### Work instruction:
No pictures belong in the copy. Restate the rest of the data exactly.

### Dataset section:
<<<<

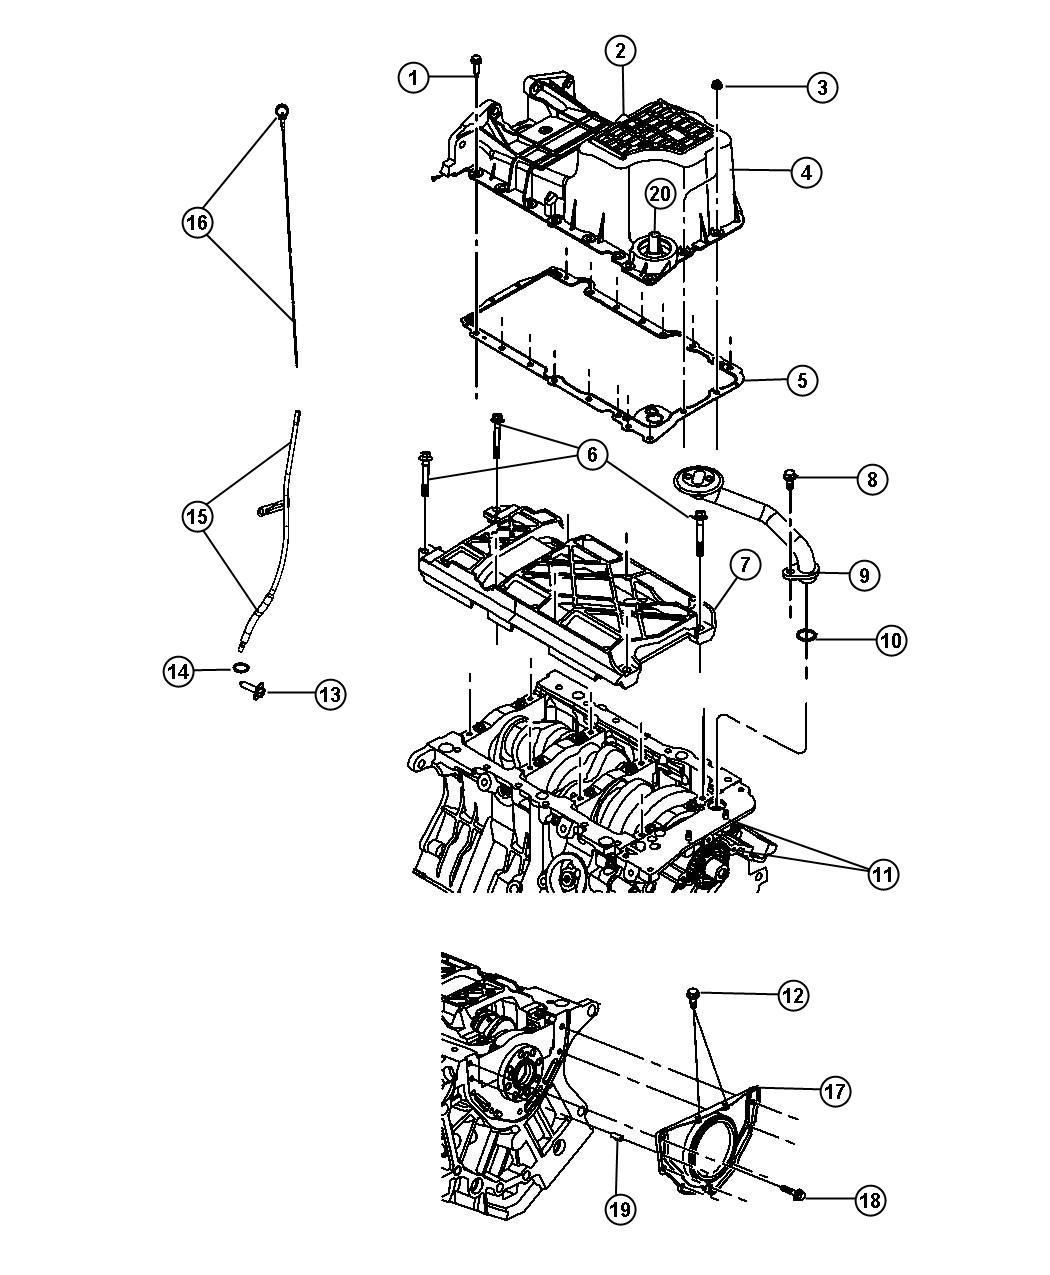 Chrysler 300 Pan Oil All Wheel Drive Engine
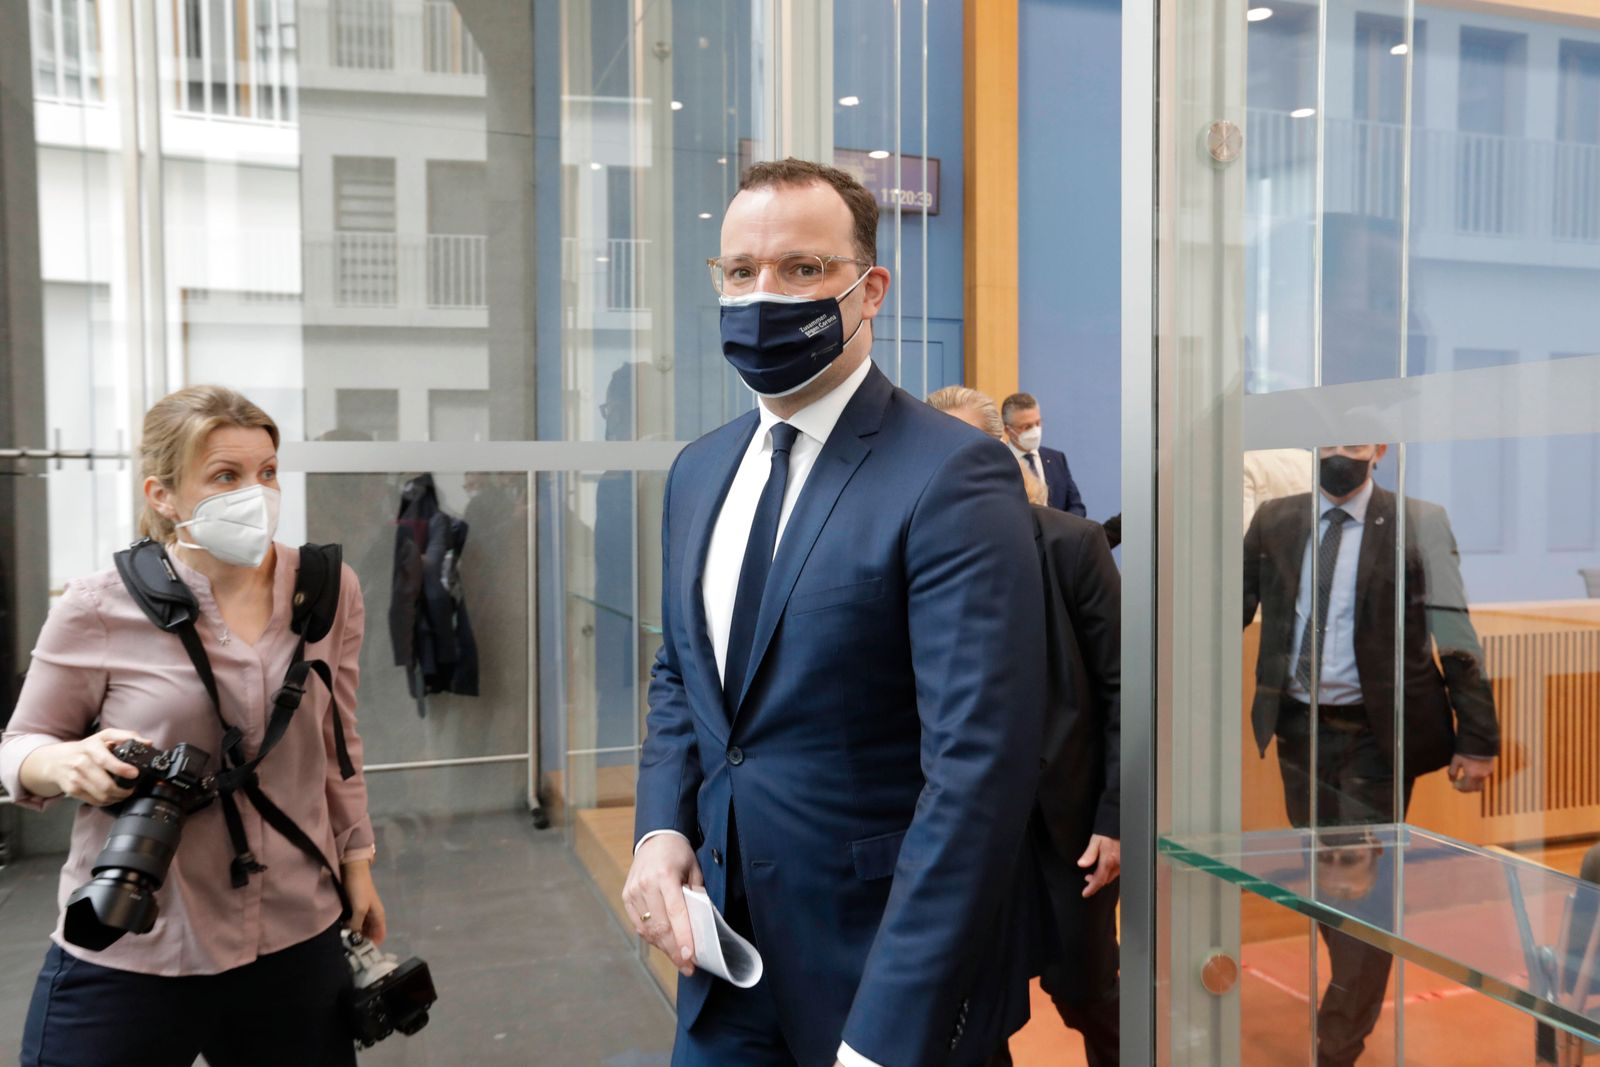 Jens Spahn, Bundesminister fuer Gesundheit, CDU, PK zu - Aktuelle Corona-Lage, DEU, Berlin, 21.05.2021 *** Jens Spahn, F
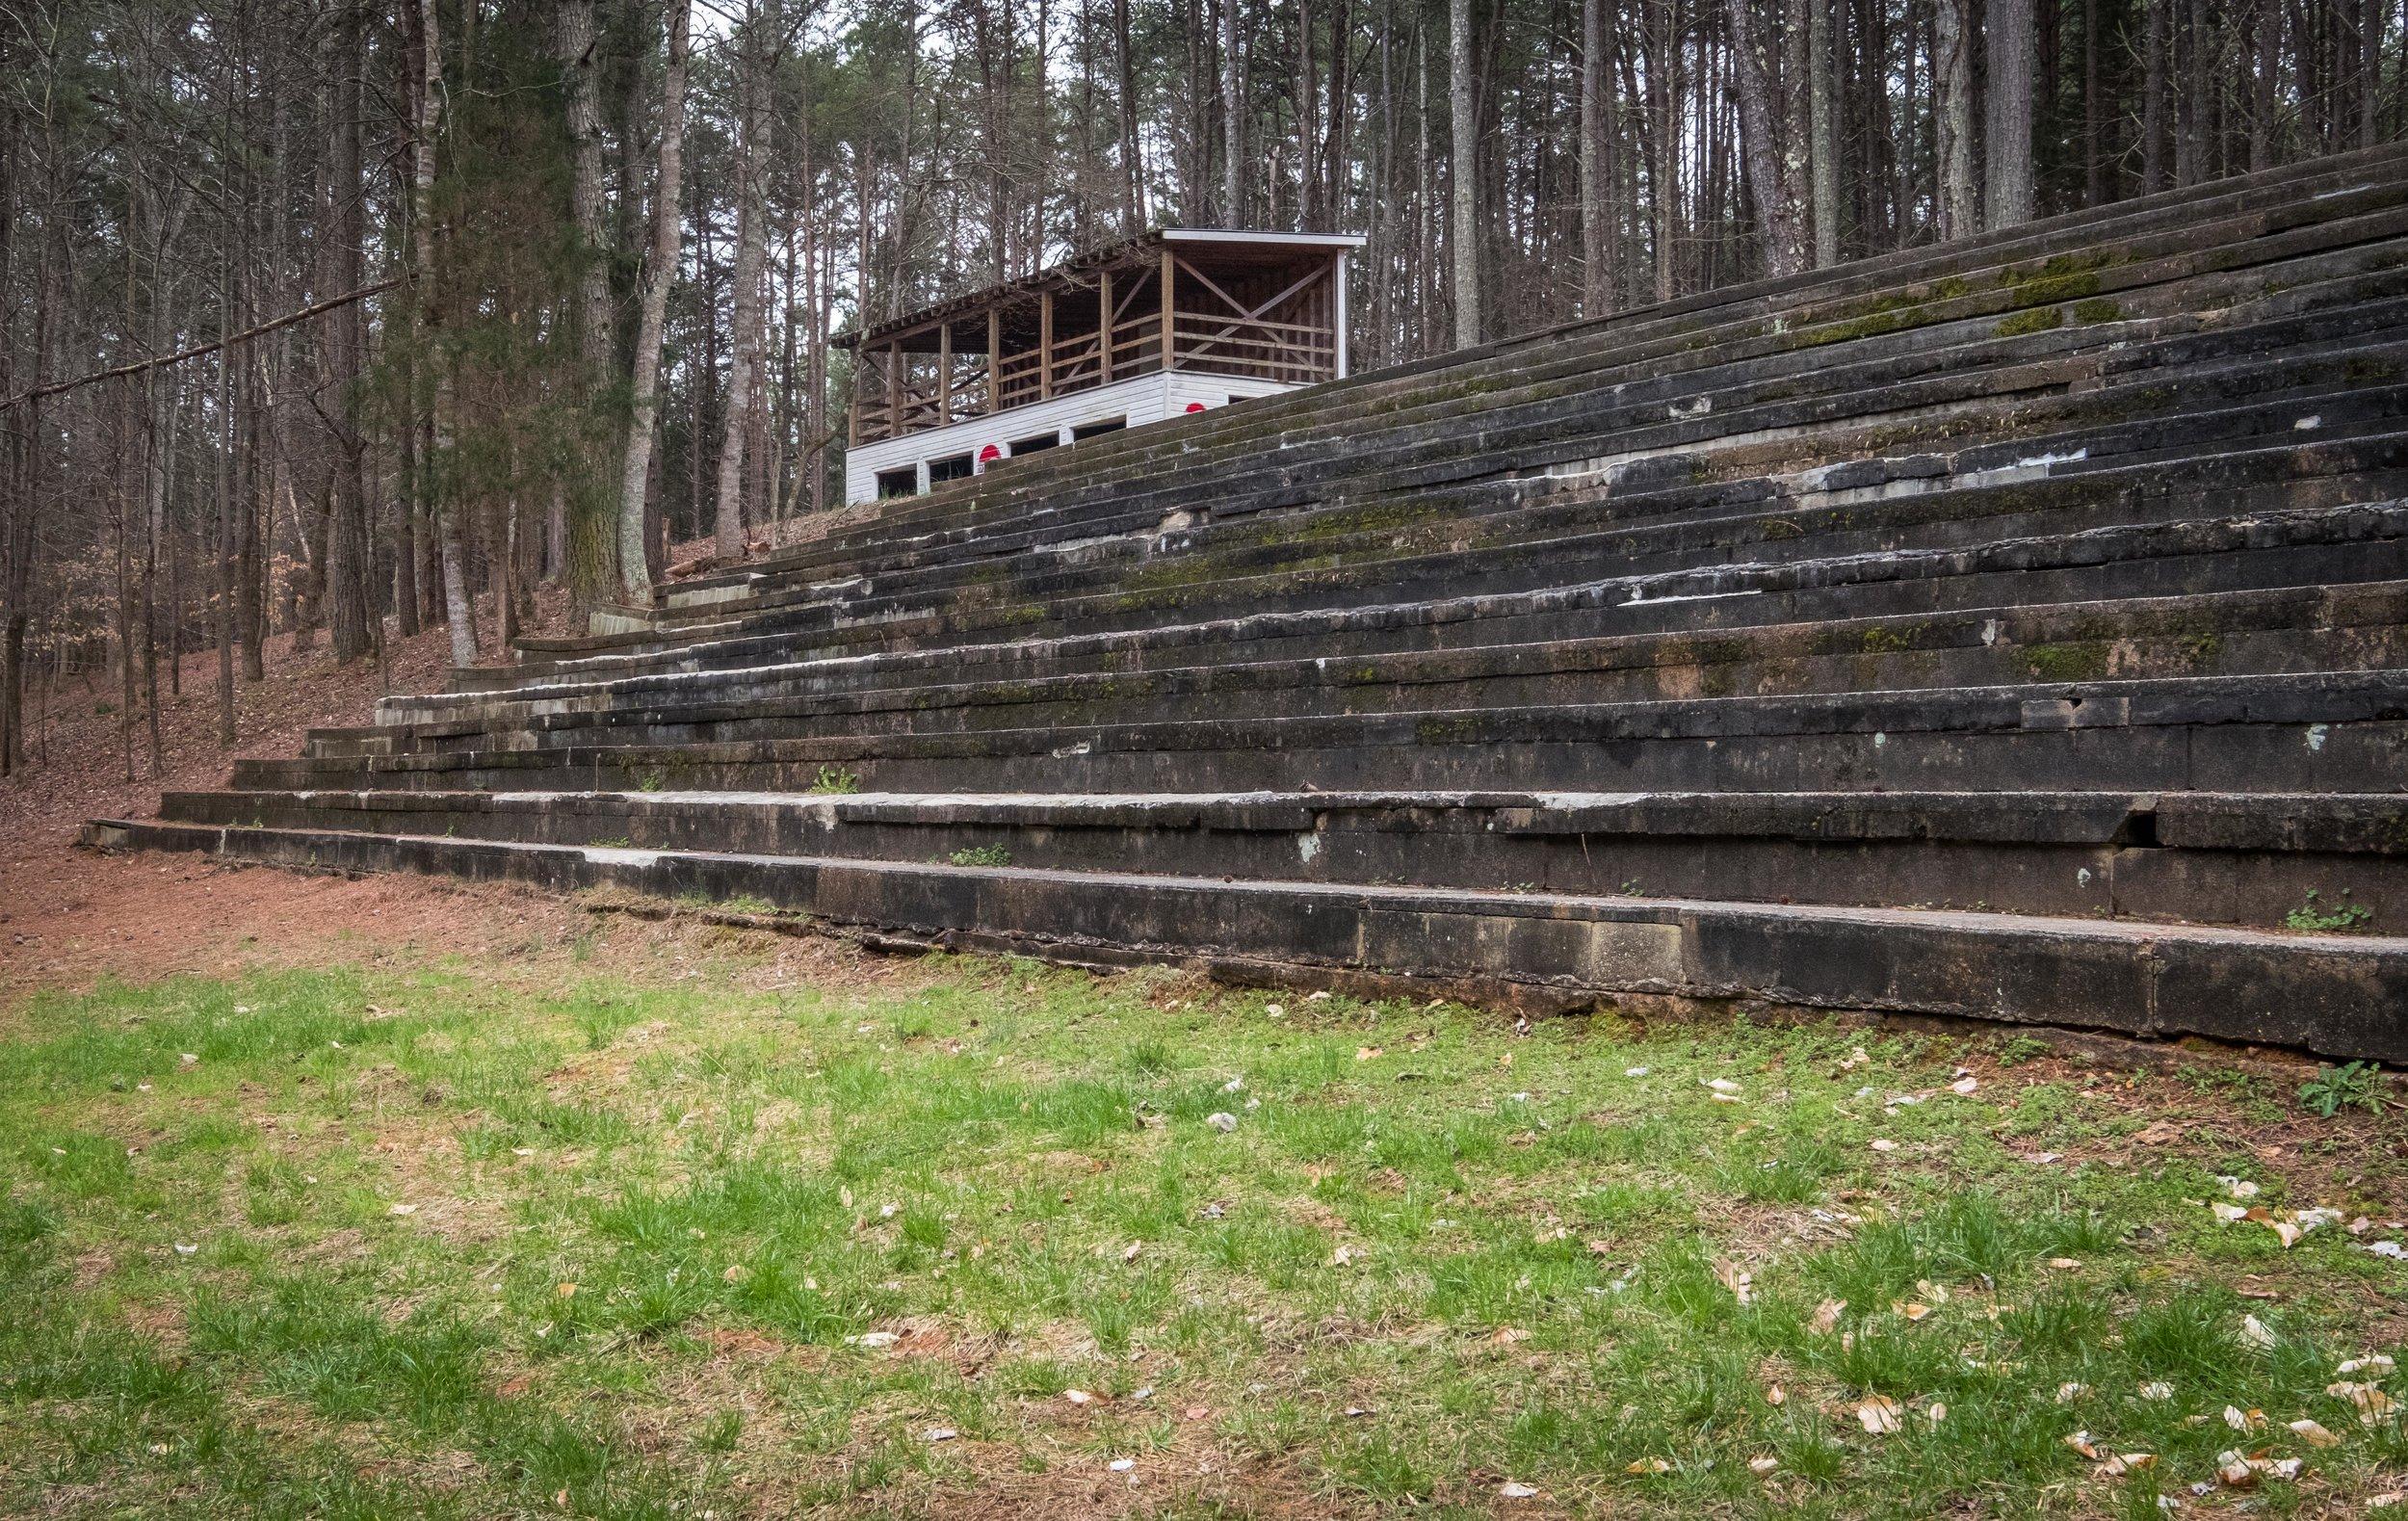 Concrete grandstands and refreshment stand

>>>>

### Finished task:
 Chrysler 300 Pan Oil All Wheel Drive Engine
 Jens Spahn, Bundesminister fuer Gesundheit, CDU, PK zu - Aktuelle Corona-Lage, DEU, Berlin, 21.05.2021 *** Jens Spahn, F
 Concrete grandstands and refreshment stand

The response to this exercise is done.